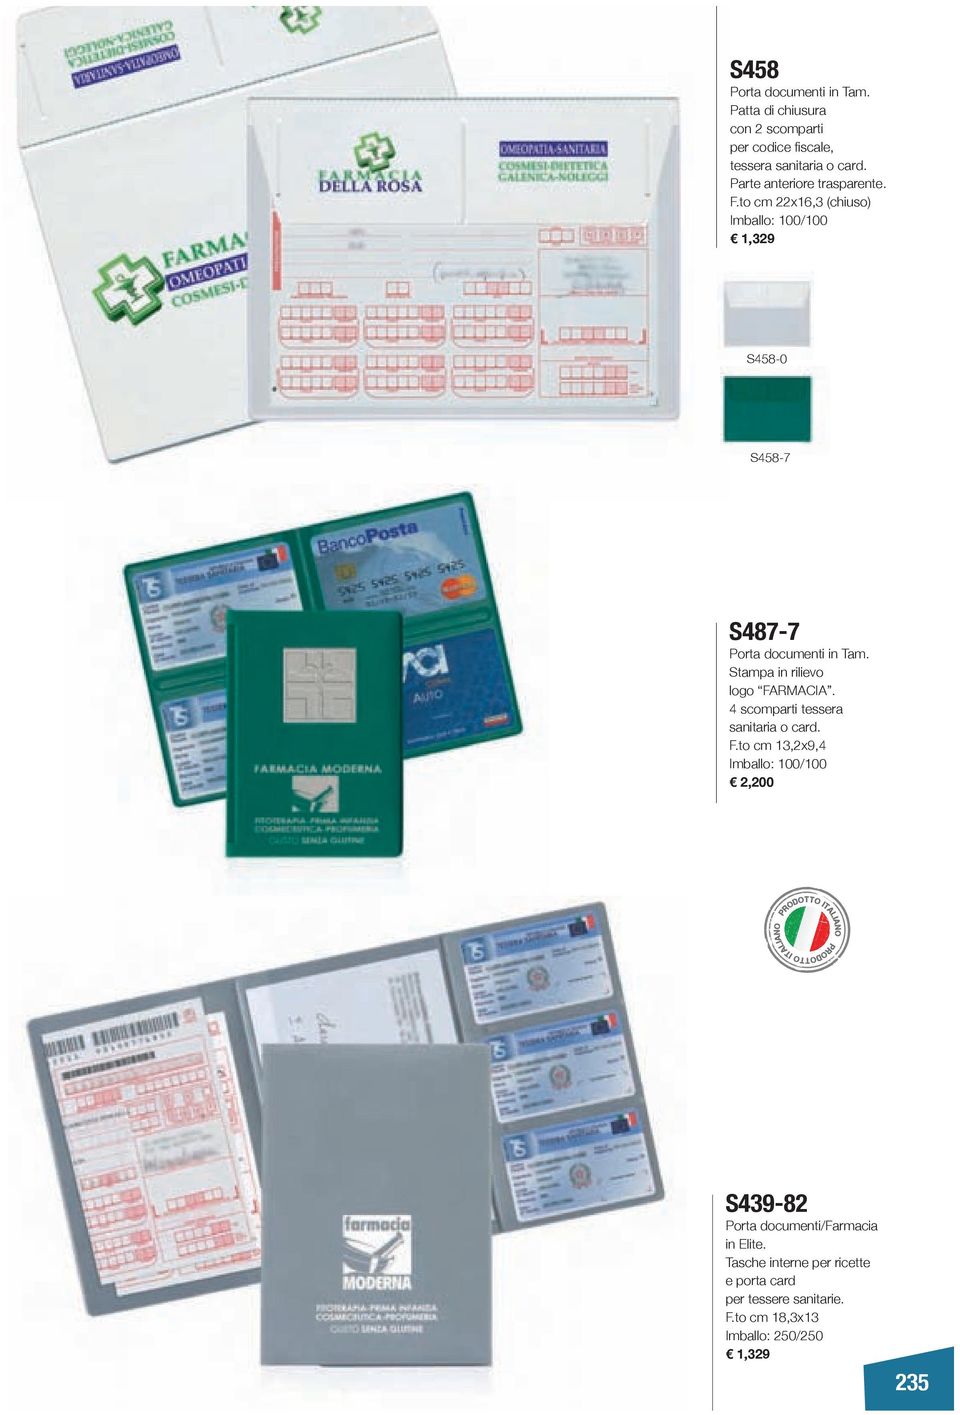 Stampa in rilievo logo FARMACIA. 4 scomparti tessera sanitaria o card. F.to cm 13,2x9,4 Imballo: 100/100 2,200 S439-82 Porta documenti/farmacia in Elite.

━━━━━━━━━━━━━━━━━━━━

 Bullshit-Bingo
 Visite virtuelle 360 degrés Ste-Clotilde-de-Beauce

━━━━━━━━━━━━━━━━━━━━

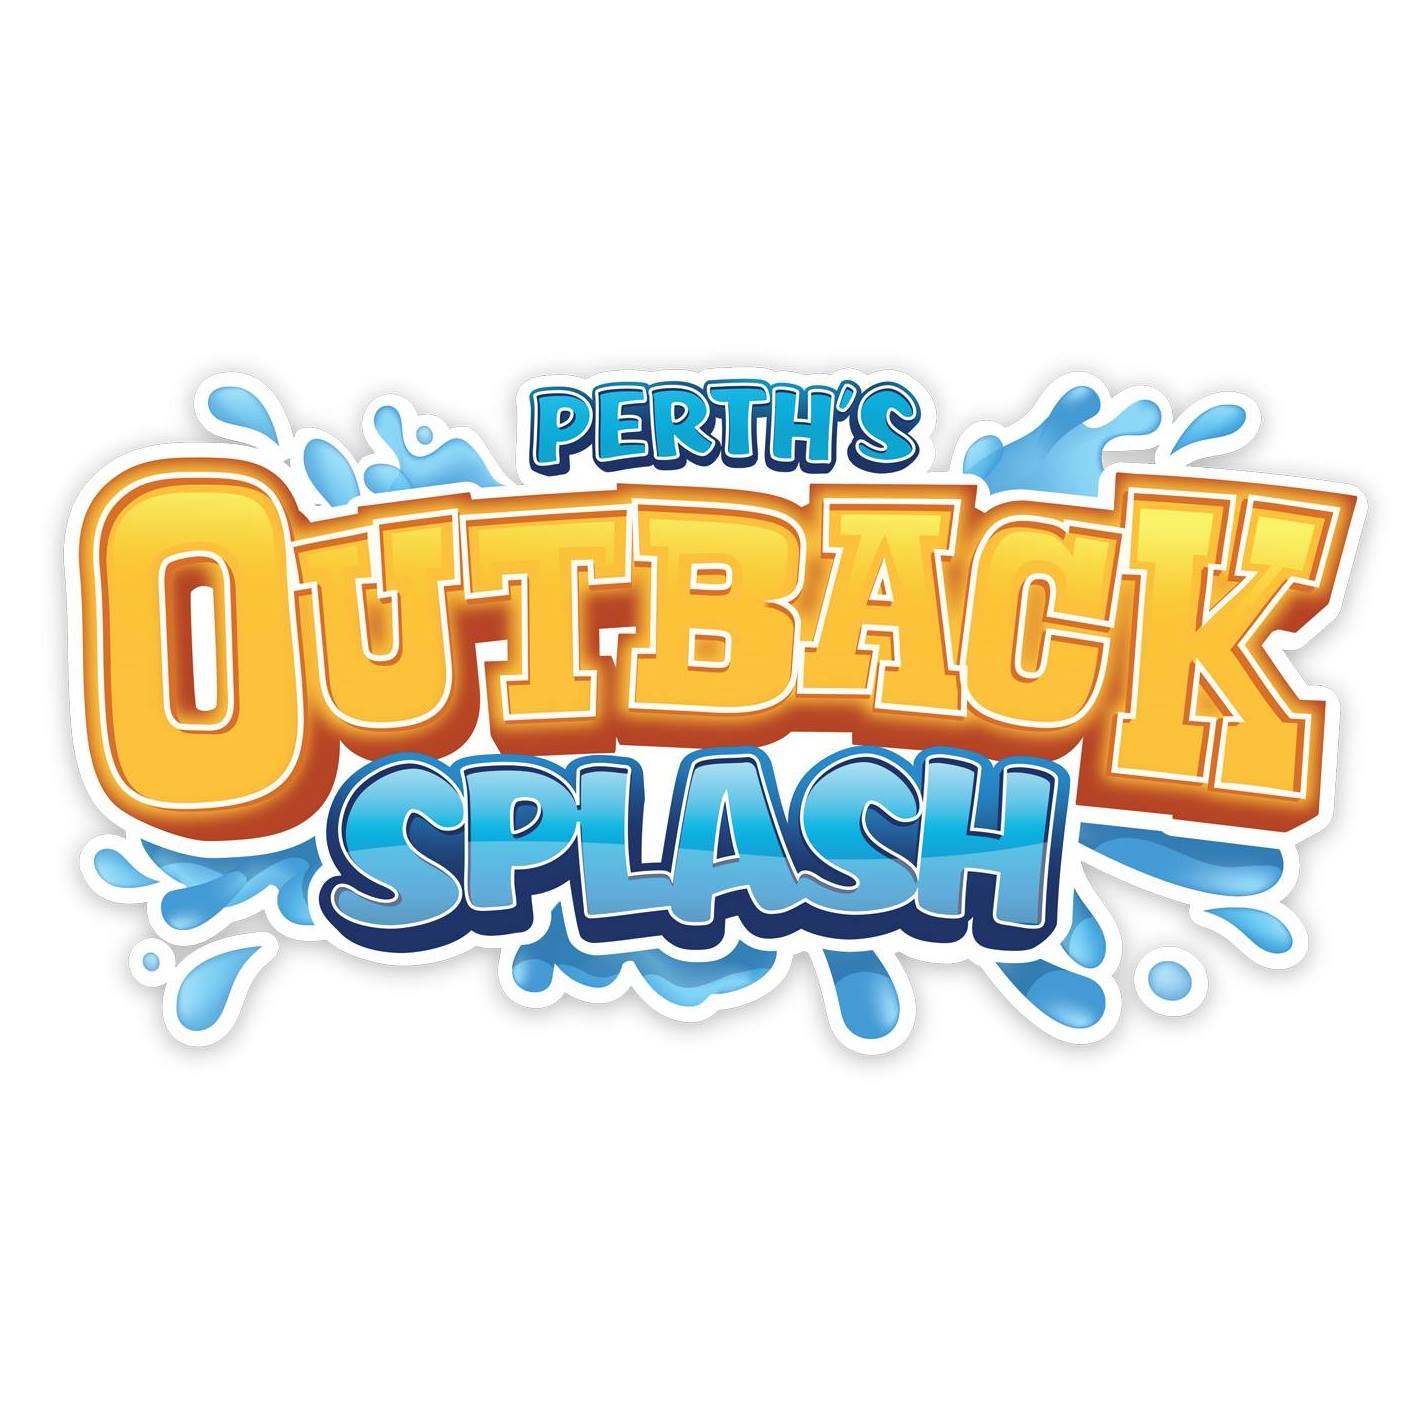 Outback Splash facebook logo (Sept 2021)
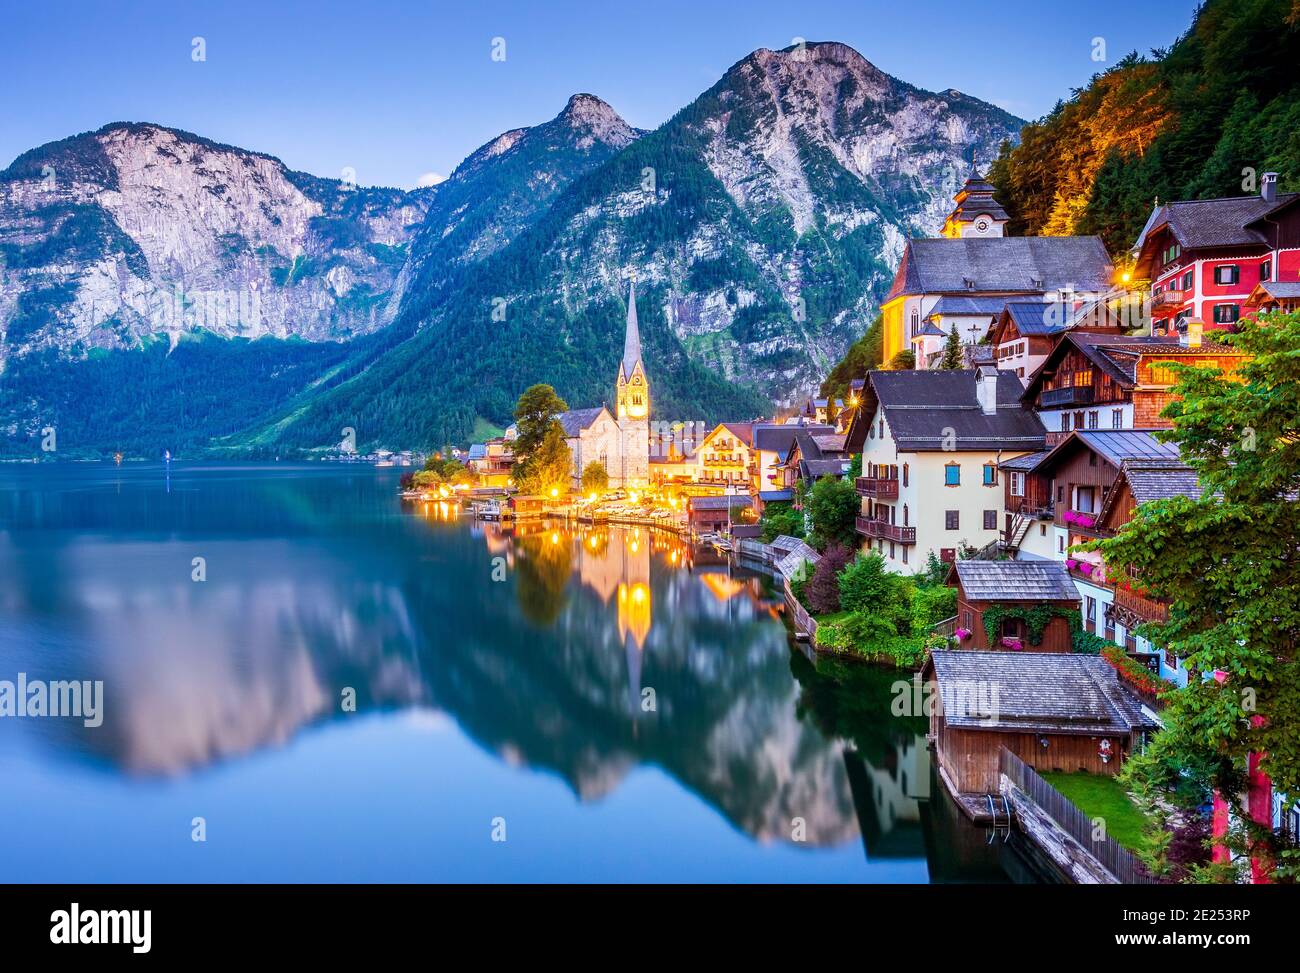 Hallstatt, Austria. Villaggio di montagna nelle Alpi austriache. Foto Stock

━━━━━━━━━━━━━━━━━━━━

→ Problem description
Only the lines above from the line with "Bullshit-Bingo" to the line with "Visite virtuelle 360", those two lines included, should be reproduced exactly.

→ Response
 Bullshit-Bingo
 Visite virtuelle 360 degrés Ste-Clotilde-de-Beauce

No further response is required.